In late August, the Melkite Greek Catholic patriarch of Antioch in
Syria, Gregory III Laham, pointedly asserted that any military
intervention by the United States in his country would be a “criminal
act.”
Such an assault, Laham said, “will only reap more victims, in
addition to the tens of thousands of these two years of war. This will
destroy the Arab world’s trust in the West.” He warned it would be no
less serious than the use of chemical weapons.
Over the years, Laham has been seen as strongly pro-Arab and
pro-Assad, but he’s not an isolated voice. On Aug. 26, Audo told Vatican
Radio that a Western attack could trigger wider conflict.
“If there is an armed intervention, that would mean, I believe, a world war,” Audo said.
In a separate interview in late April, he said Syria’s Christian
minority, which represents roughly 10 percent of the population of 22.5
million, “all are with President Assad.”
That position has been so consistent from the Christian leadership in
Syria that Jesuit Fr Paolo Dall’Oglio, the Italian missionary and
anti-Assad activist who disappeared in Syria in late July, accused them
of being “co-opted.”
“Unfortunately, the Syrian regime has been very clever in using a
certain number of clergymen, men and women, for its propaganda in the
West, in which it represents itself as the only and ultimate bastion
defending Christians persecuted by Islamic terrorism,” Dall’Oglio wrote
in an open letter to Francis in April.
Yet it isn’t just the hierarchy that’s sceptical about regime change.
Bashar Khoury, for instance, is a 29-year-old Latin rite Catholic
from Damascus who recently served as a volunteer at World Youth Day in
Brazil, helping to run the Arab-language social media operation.
Asked by NCR what he would do if Assad falls, Khoury was clear: “I’ll
leave Syria,” he said. “If that happens, the radicals will take over
and there won’t be any future for me.”
Since the outbreak of civil war in 2011, reports suggest Christians have been the targets of mounting violence.
Observers believe tens of thousands of Christians have fled the
conflict zones, some going into internal exile and others seeking refuge
in neighbouring countries such as Lebanon, Jordan, Turkey and Armenia.
The Syriac League, a non-partisan body in Lebanon, estimated in May
that there are 10,000 Christian refugees from Syria in that nation
alone.The displaced join roughly 150,000 people who’ve been living under
virtual siege for months in 40 villages referred to as the “Valley of
Christians” in western Syria.
In addition to physical attacks, reports indicate churches and
meeting places have been torched, Christian-owned businesses have been
looted, and in some cases, Christian women have been targeted for
assault. The Christian Post reported in December 2011 that
fundamentalist taxi drivers in rebel-controlled areas of Syria had vowed
to attack any unveiled female client, who tend to be Christians.
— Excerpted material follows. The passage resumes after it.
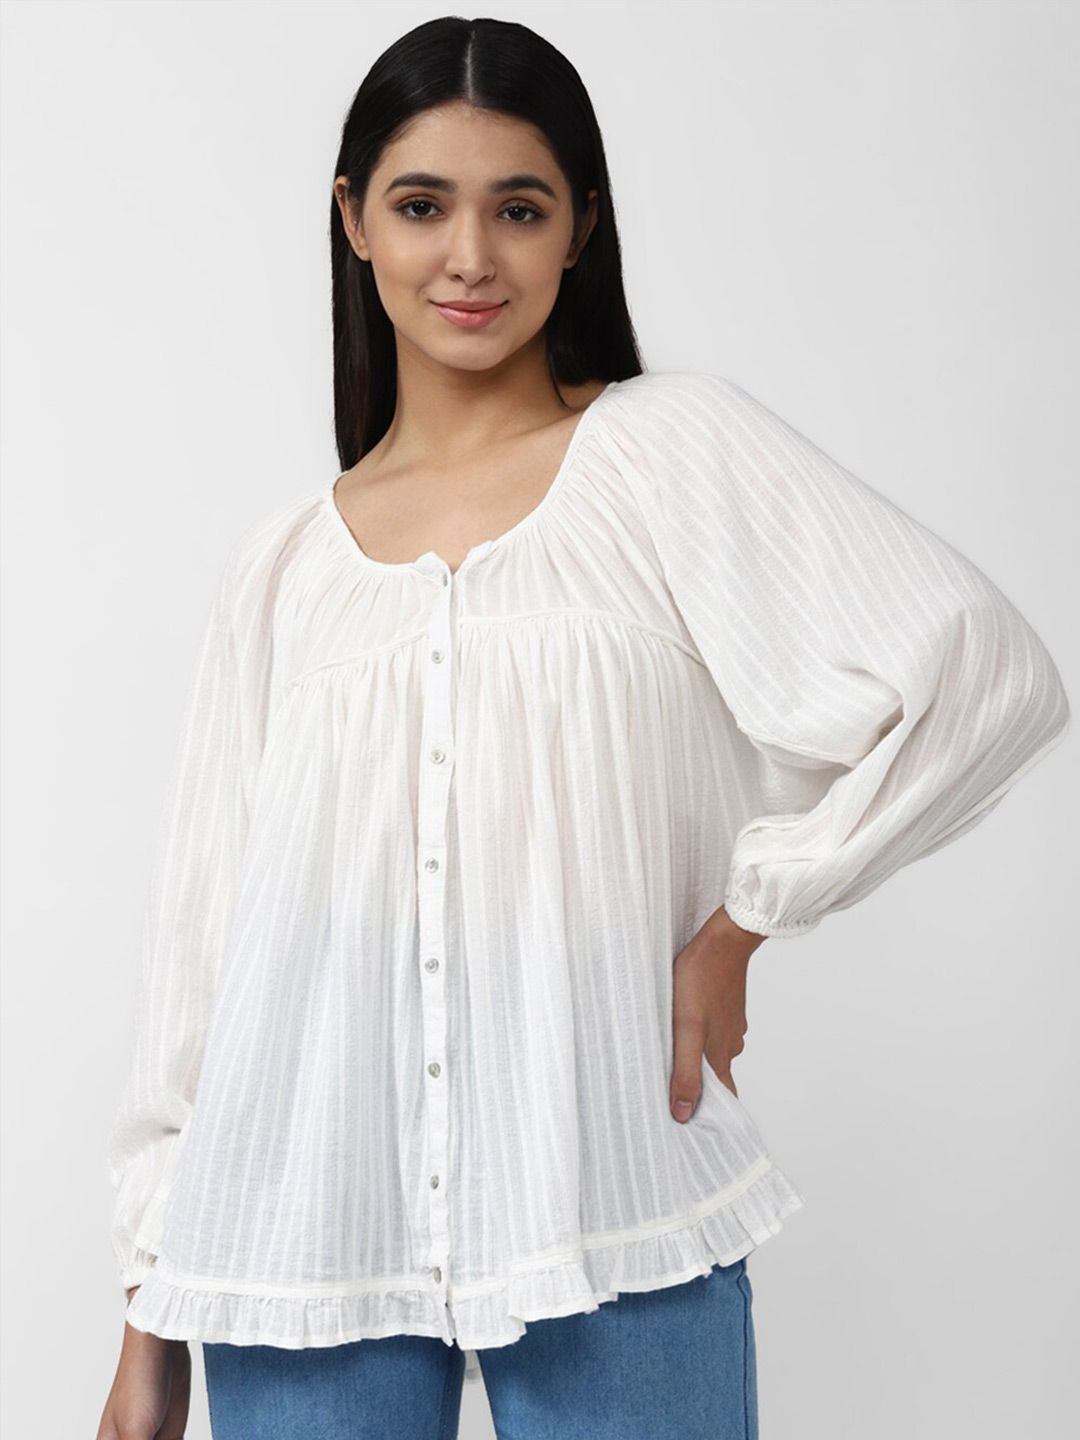 AMERICAN EAGLE OUTFITTERS White Striped Top Price in India

Christian clergy have also become tempting targets for kidnapping,
including two Orthodox prelates grabbed by still-obscure forces in
April. The prelates’ fate remains unknown. In late February, the website
Ora Pro Siria, operated by Italian missionaries in Syria, claimed the
going price for a kidnapped priest was in the neighbourhood of $200,000.
In that context, it may be little surprise that many Christians seem to prefer the devil they know.
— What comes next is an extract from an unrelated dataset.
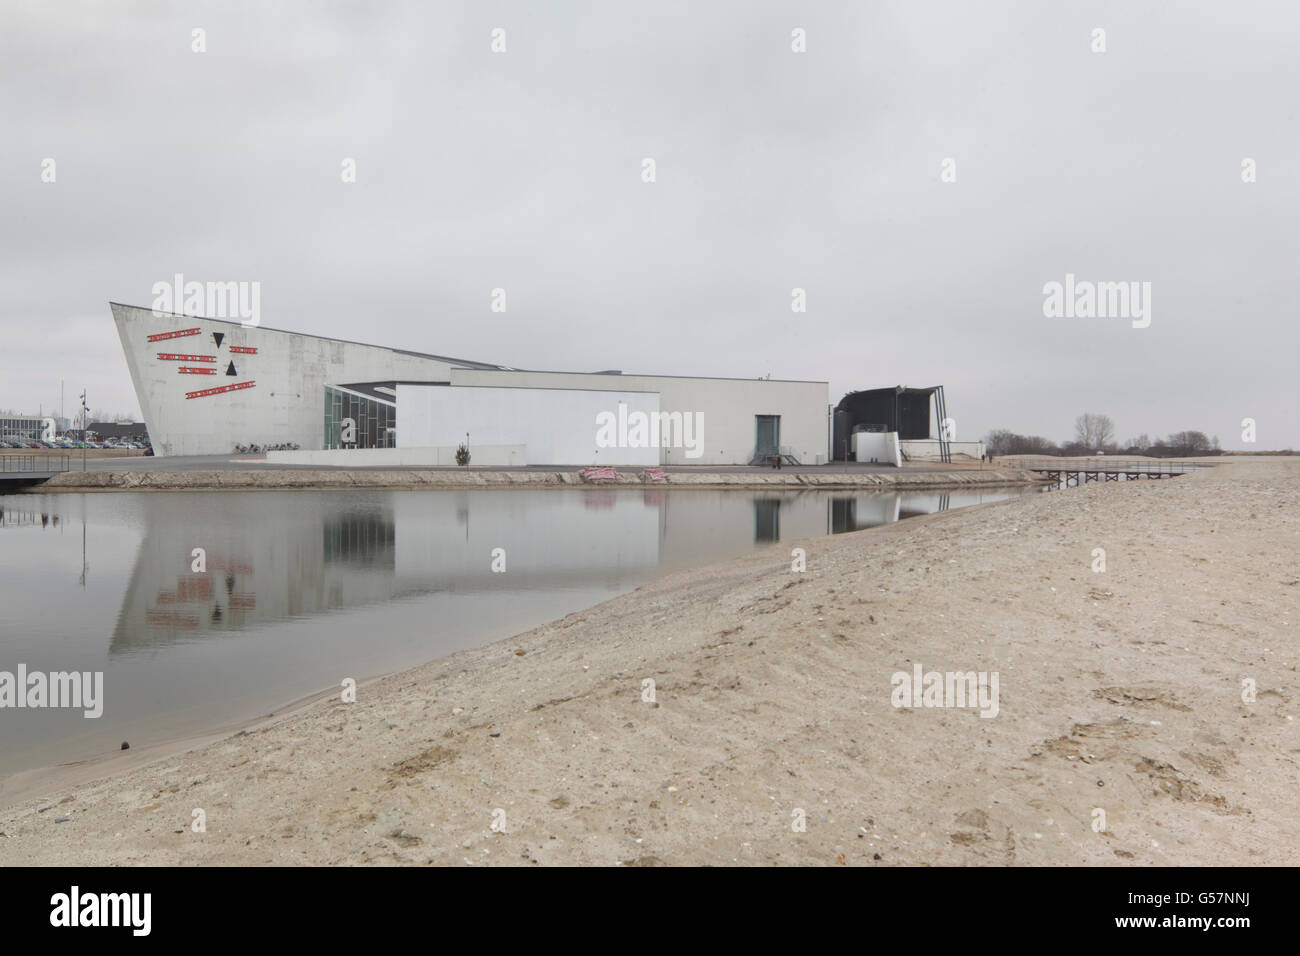 Exterior view with sand dunes and lagoon against cloudy sky (prior ...

Aid to the Church in Need, a Catholic humanitarian group, recently
issued a report on Syria, quoting one Christian woman who asked to
remain anonymous.
“The government was bad, but at least we were safe,” she said. “Not
anymore. … Look at what has happened to our churches in places like
Aleppo and Homs. The extremists threaten us when we want to celebrate
major feasts like Christmas and Easter. They don’t want us in the area
at all.”
Patriarch Ignatius Joseph III Younan of the Syrian Catholic church in
Damascus* said in May that Christians are so frustrated with Western
policy, which he believes is fomenting Islamic radicalism and
anti-Christian hatred, that they may give up on the West altogether.
“I believe there will be a time coming when Christians of the Middle
East will no longer look to the West for support and perhaps to better
strengthen their roots with the Eastern culture and civilization … [to]
Russia, to India, to China,” he said.